Even Verizon, which has not seen the same growth as the other companies is spending more on capital expenditures than it did before the neutrality rules were put in place. In 2015, the year where Pai contends investment sunk to levels unseen outside of a recession, Verizon spent $17.8 billion on capital investments, more than in any other year since the U.S. came out of the recession.

Verizon’s most recent capital expenditures ($17.1 billion for 2016) are virtually identical to the amount spent in 2014, all of which is higher than the $16.2-$16.6 billion the company spent in the supposed glory years of post-recession investment.

Even CenturyLink, which has seen its stock price cut in half, managed to spend more in 2016 ($2.96 billion) on capital expenditures than it did in 2015 ($2.86 billion).

So maybe Pai was referencing capital investments by broadband backbone providers, those companies that connect all the disparate user-facing networks into one cohesive system? Again, the investment numbers don’t pan out.

Level 3 Communications, which is currently being acquired by CenturyLink, spent $1.33 billion in 2016, more than it spent in either 2015 ($1.23 billion) or 2014 ($1.25 billion). Cogent Communications spent $45.2 million last year, up from $35.6 million in 2015.

The numbers seen in these earnings reports generally jive with what many of these companies told investors at the beginning of 2016 — that they would continue to spend money on expanding and improving their networks.

So what is Pai’s justification for this claim? According to a rep at the FCC, the Chairman’s comment was based on data provided by USTelecom, the industry’s lobbying arm that is actively pushing for the FCC and Congress to roll back net neutrality and privacy regulations on broadband providers.

The FCC has not responded to our query as to why Chairman Pai would use data provided by industry lobbyists over the actual numbers these companies are providing publicly.

Pai also inexplicably claimed today that his decision to end the FCC’s investigation into “zero-rating” — the practice of not counting certain types of data against users’ monthly allotments — was somehow the impetus for the resurgence in unlimited data plans from wireless providers.
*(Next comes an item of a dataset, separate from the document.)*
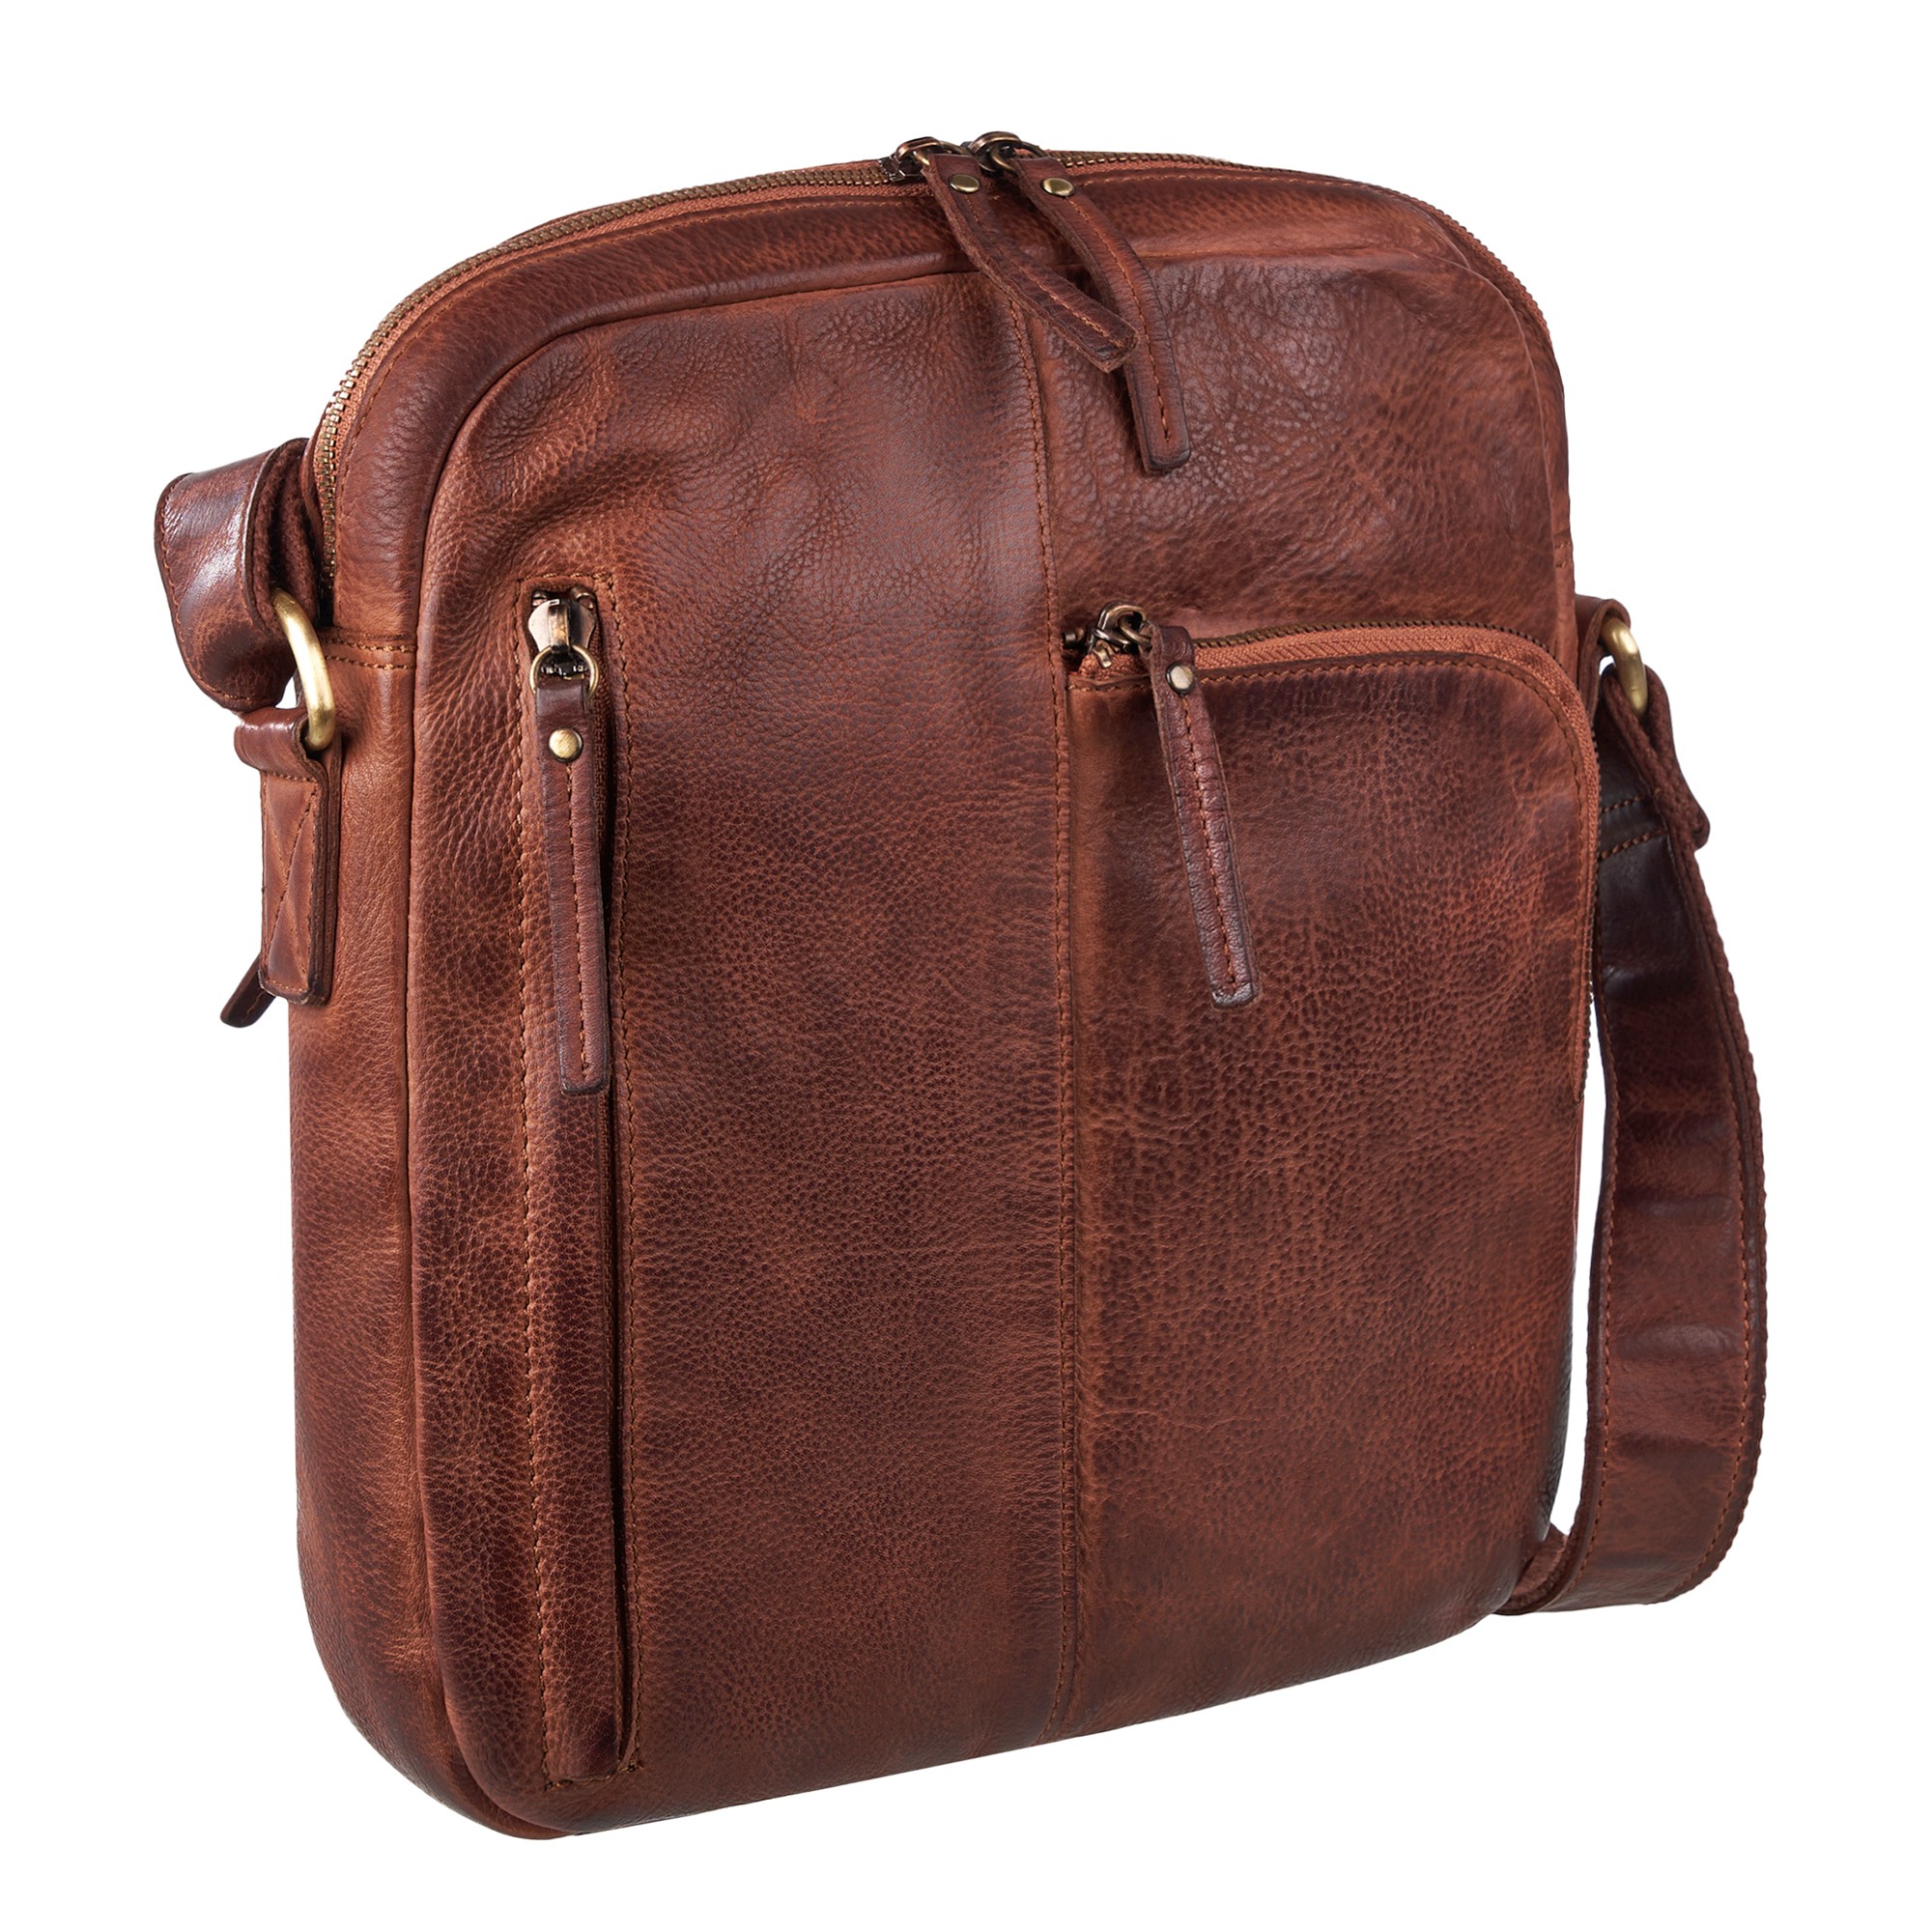 Др.Коффер M402741-248-05 сумка через плечо, цвет коричневый

As The Verge notes, unlimited data plans really have nothing to do with zero-rating. For example, AT&T zero-rates DirecTV and DirecTV Now video streams for its wireless customers. That doesn’t make it an unlimited data plan (unless your entire data usage is DirecTV video). Similarly, Verizon doesn’t count streamed NFL games against data plans, but that’s not the same as an unlimited data plan. The fact that an FCC Chair doesn’t understand the difference — or is willing to gloss over this disparity — should be a cause for concern (for anyone who isn’t a telecom executive).